Grilled Chicken and Vegetable Arugula Salad
Break out of a boring salad rut by adding grilled chicken with fresh veggies like zucchini and tomatoes. At only 243 calories per serving, you'll get a healthy lunch with protein that will help keep you full throughout the rest of the day.
Chicken Salad with Olive Vinaigrette
The flavorful combination of lemon juice, garlic, and olive oil soaks into the couscous to create a Mediterranean-style pasta salad with chicken. Throw in chopped tomatoes for a bit of color.
Moroccan-Spiced Bulgur and Chickpea Salad
Fresh mint gives this dish a pleasant aroma. Dried cranberries offer a hint of sweetness. Use any other dried fruit you like in their place: Try golden raisins, currants, dried cherries, or chopped dried apricots.
Chicken Saté Wraps
Give your sandwich a flavorful kick with this spicy and sweet filling. To cut down on prep time, use rotisserie chicken, packaged angel hair slaw, and packaged matchstick-cut carrots.
Roasted Chicken and Bow Tie Pasta Salad
Celery and walnuts give added crunch to this dish while red grapes and fruit juice add a fresh, sweet flavor. Prepare this salad the night before to save time packing lunch on a hectic morning.

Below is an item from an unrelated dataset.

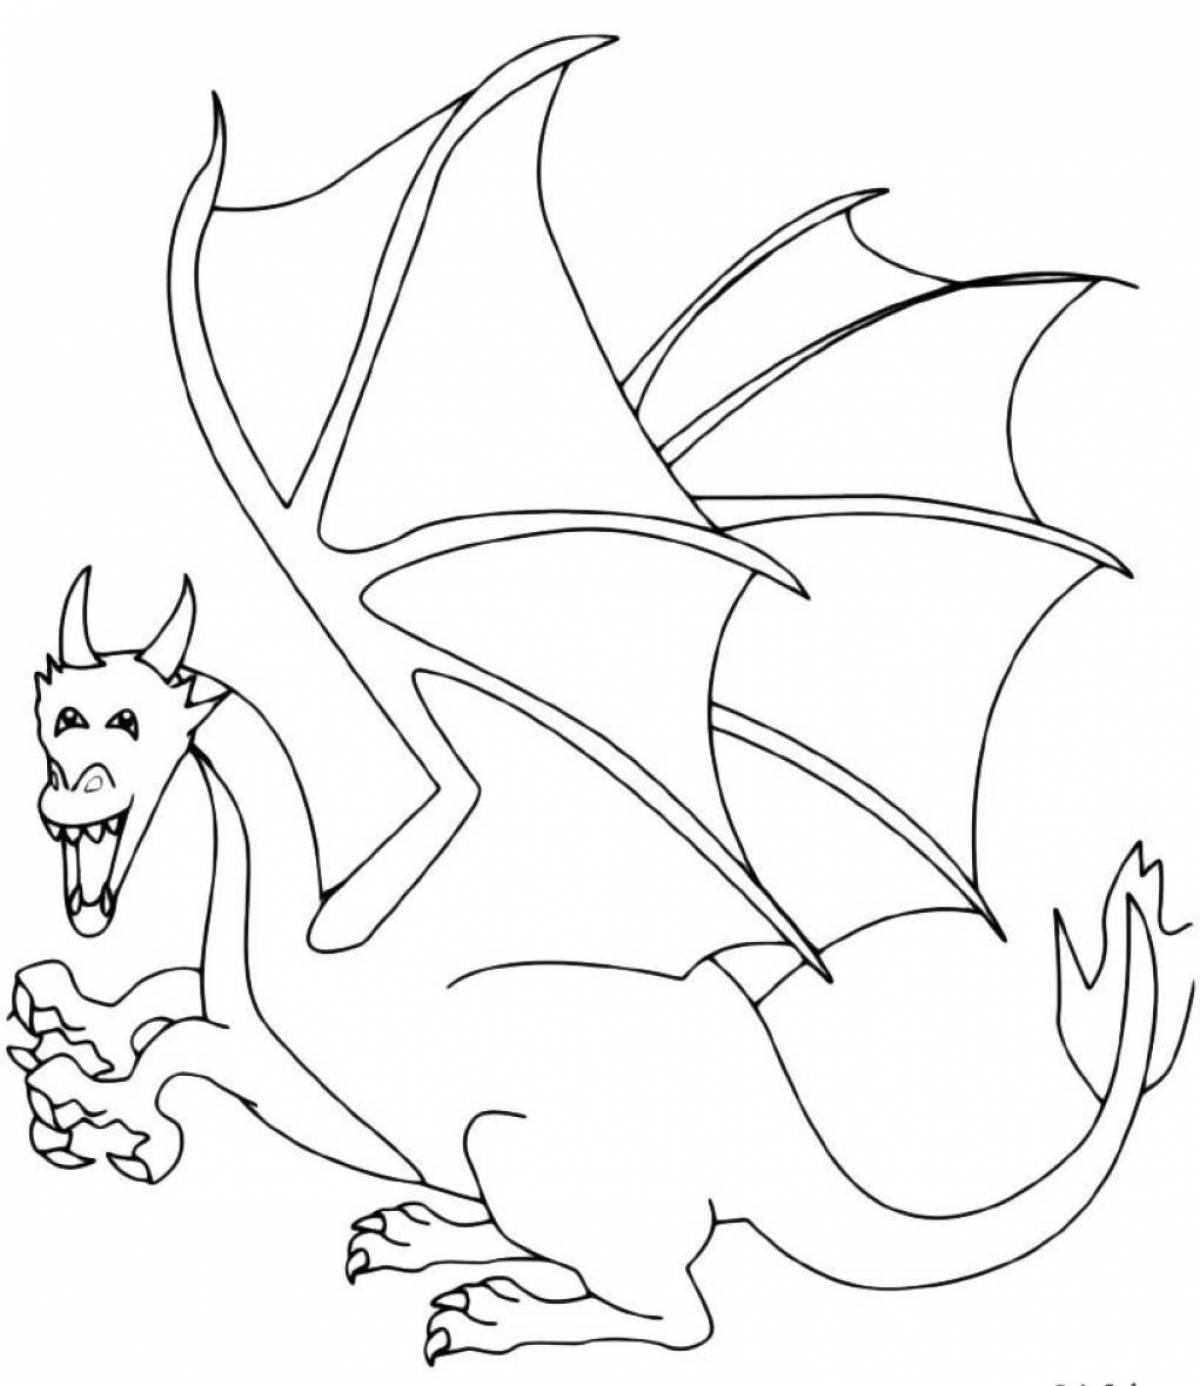 Увлекательная раскраска дракон для детей

Deluxe Roast Beef Sandwich
Jazz up this classic sandwich with mayo, horseradish, and chili sauce for a creamy spread with a bit of heat.
Express Lunch Plate
Grab the ingredients for this fast, filling lunch from the corner deli. This combo is rich in fiber, protein, and other metabolism boosters. If you prefer a different type of cheese, swap it.
Kicked-Up Turkey Sandwich
Fig spread is rich and flavorful; watercress is crisp and hearty and holds up well in a lunch bag. Delicious with a tart pickle and pear.